- **INFORMATION PROVIDED**:

# # # #

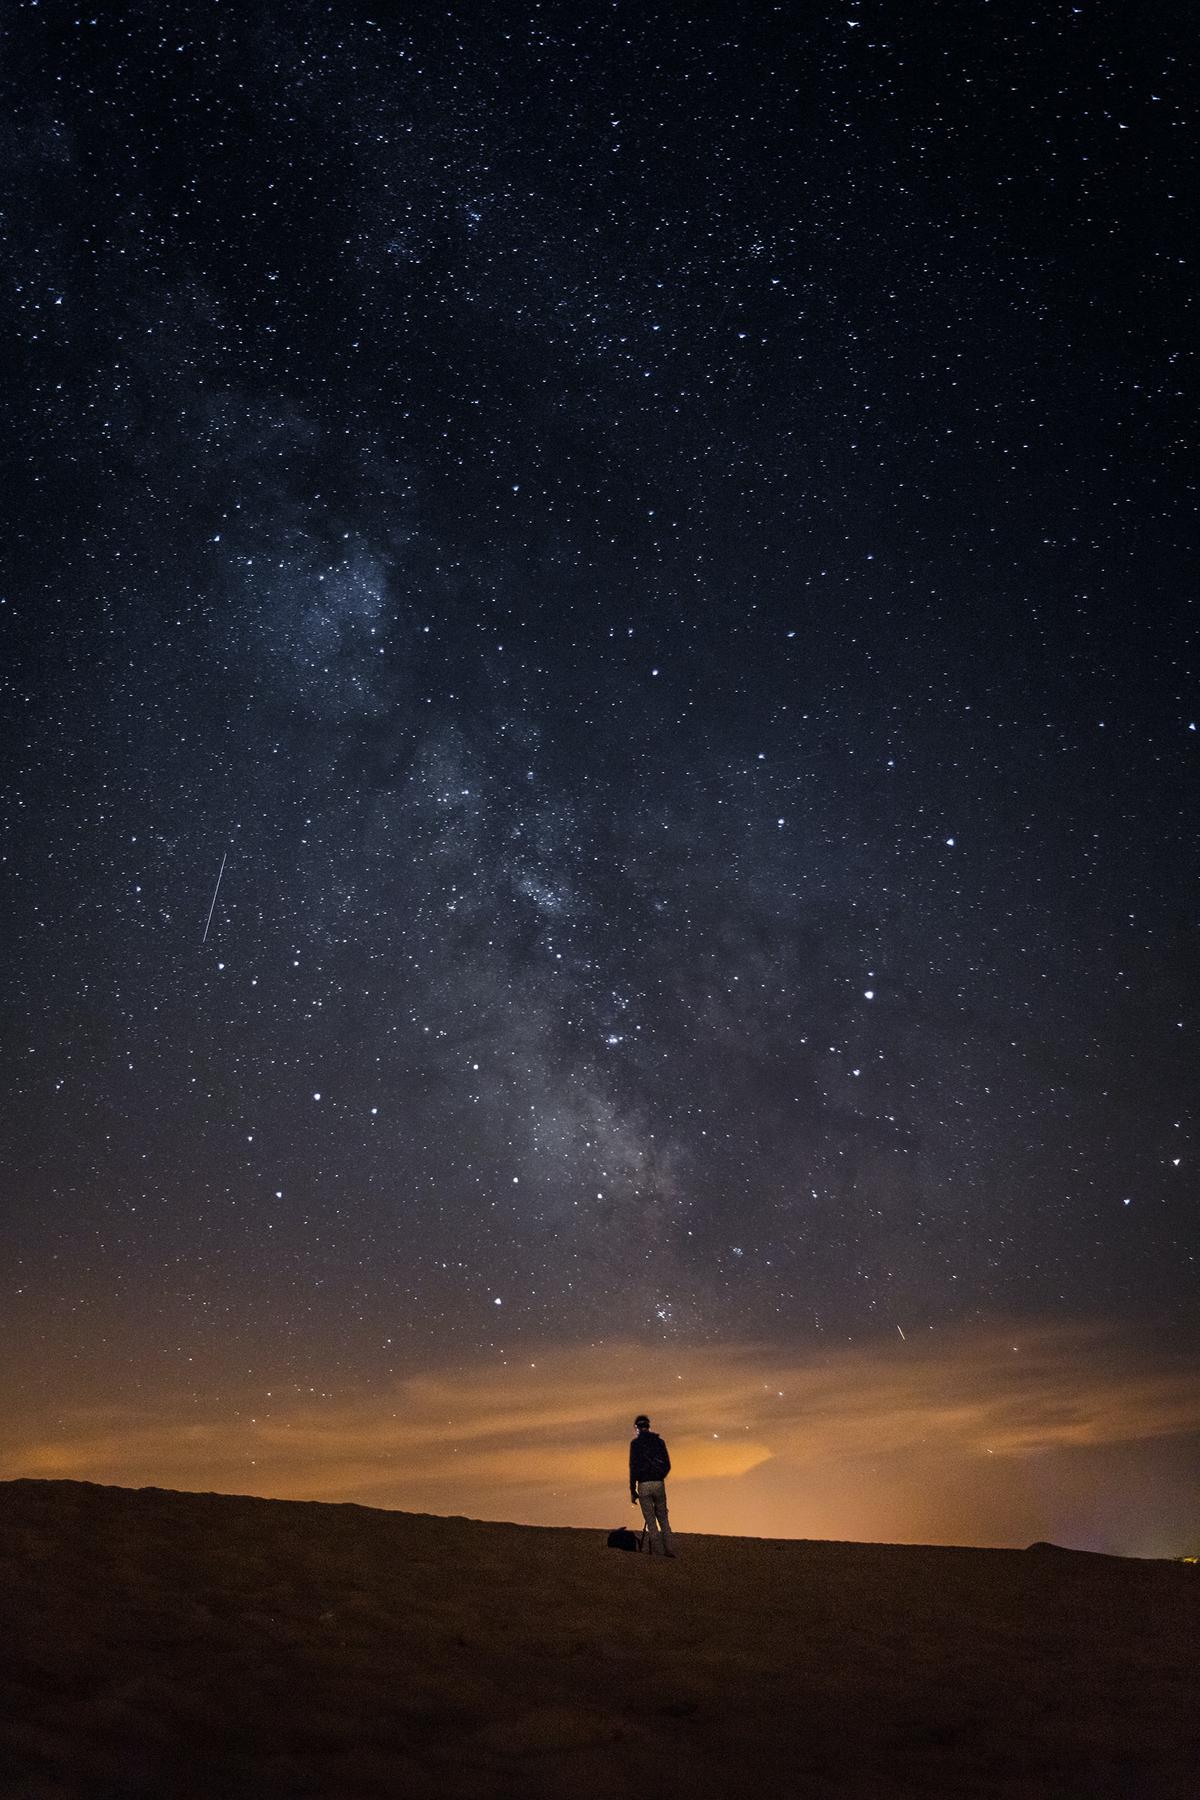 A person pointing a camera towards the night sky with stars and the Milky Way visible in the background.
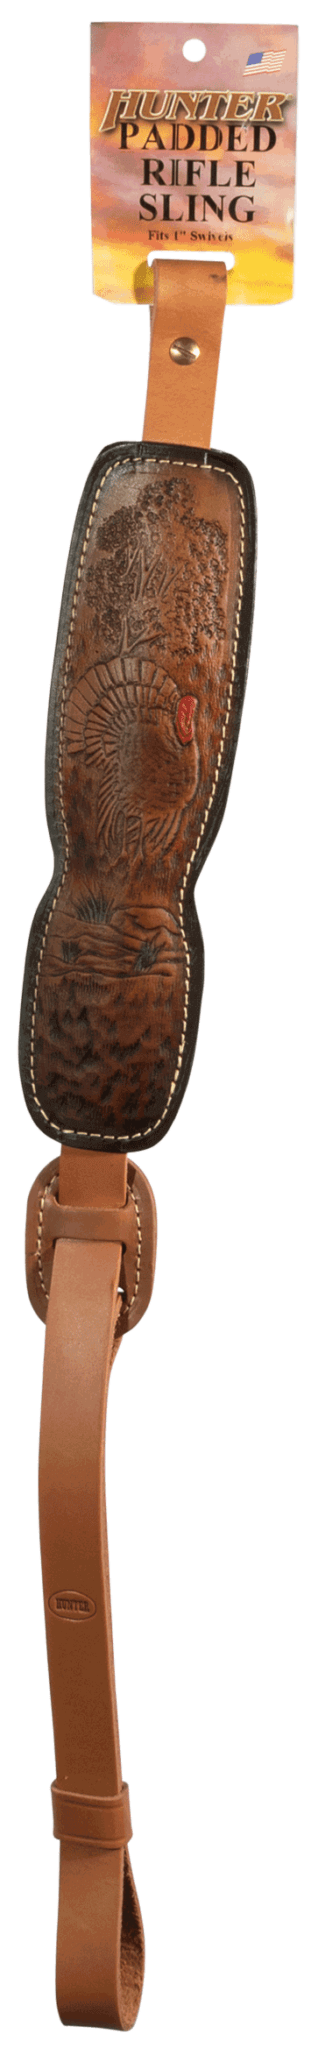 Hunter Company 027191 Trophy Custom Sling made of Brown Leather with Suede Lining Turkey Engraving & Padded Design for Rifles
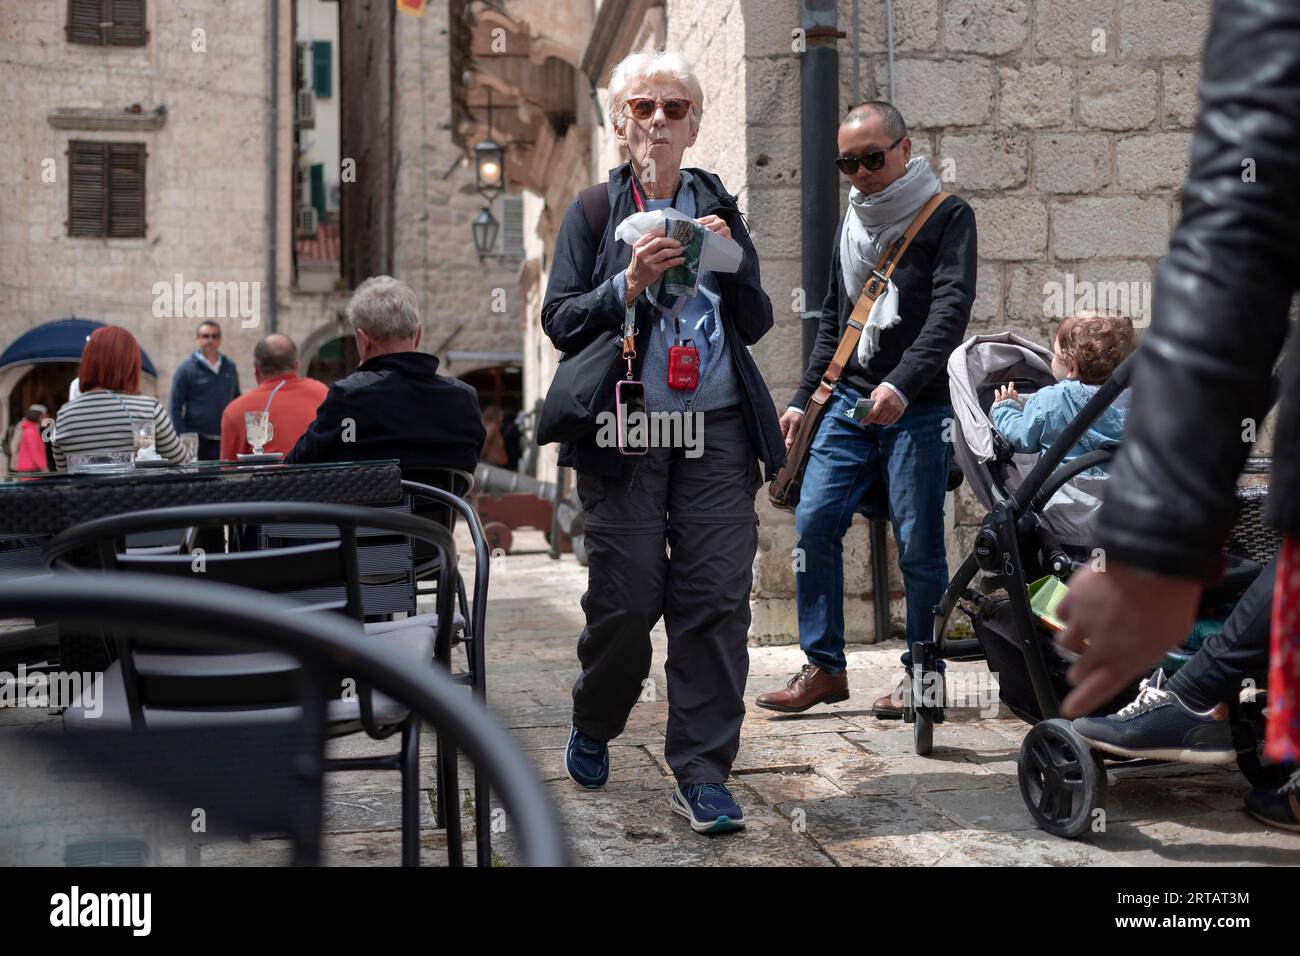 Kotor, Montenegro, Apr 17, 2023: Elderly lady snacking and walking down the narrow cobblestone street of Old Town Stock Photo
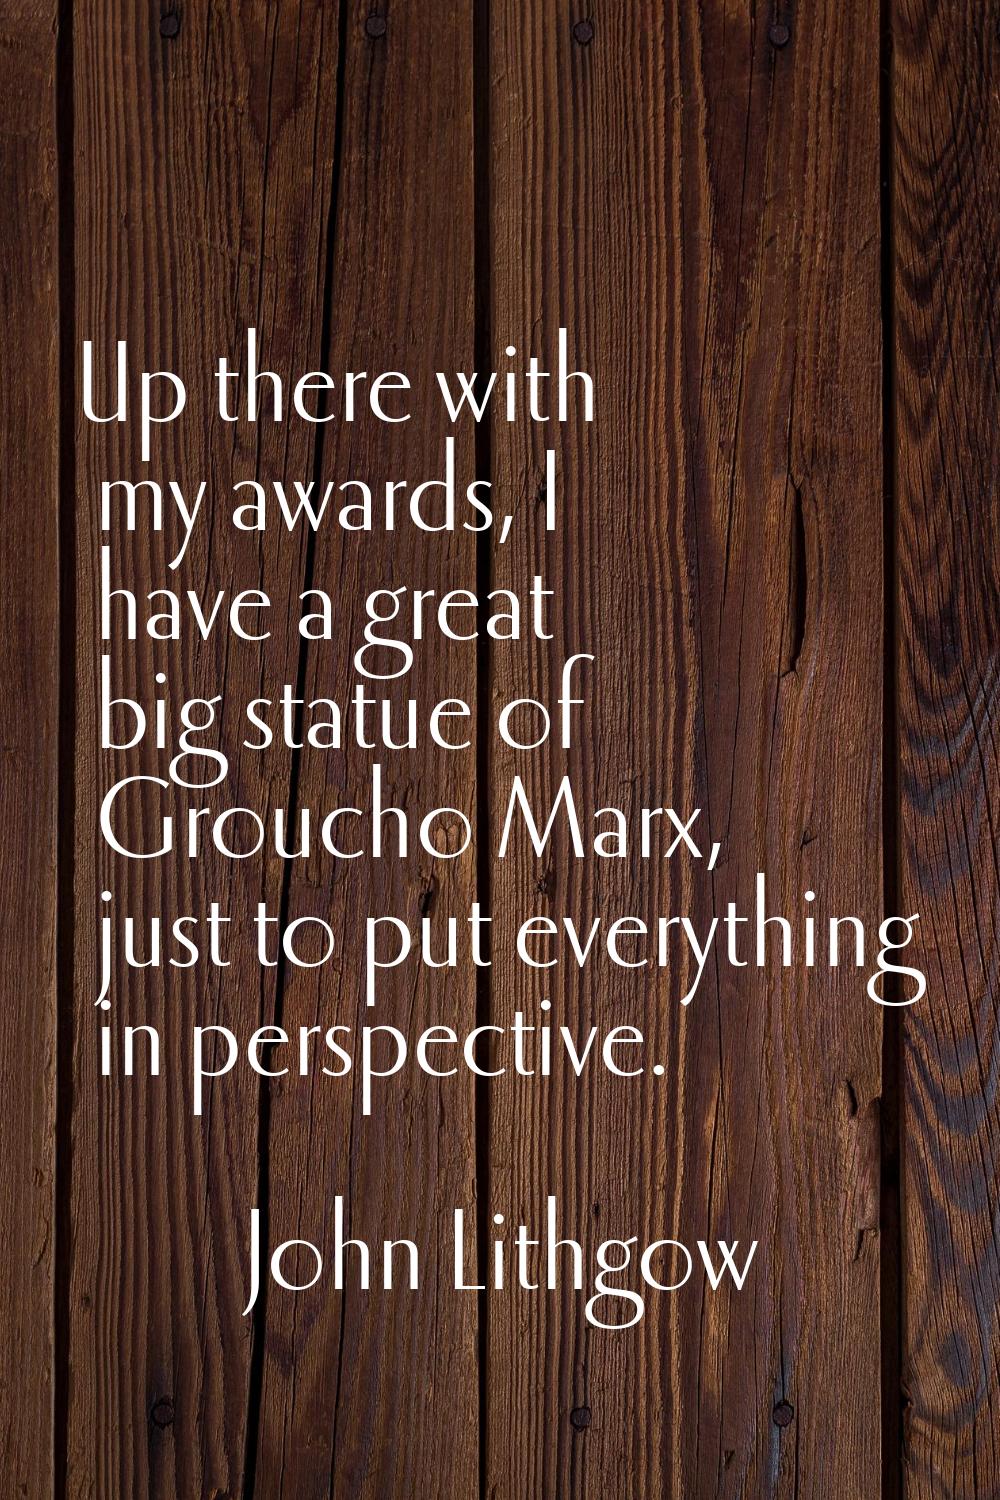 Up there with my awards, I have a great big statue of Groucho Marx, just to put everything in persp

# # # #

- **EXERCISE**: Take the lines from the one holding "Hunter Company 027191" through the last line of the data above and copy them exactly, both ends included, omitting all pictures.

- **WORKED SOLUTION**:
 Hunter Company 027191 Trophy Custom Sling made of Brown Leather with Suede Lining Turkey Engraving & Padded Design for Rifles
 Kotor, Montenegro, Apr 17, 2023: Elderly lady snacking and walking down the narrow cobblestone street of Old Town Stock Photo
 Up there with my awards, I have a great big statue of Groucho Marx, just to put everything in persp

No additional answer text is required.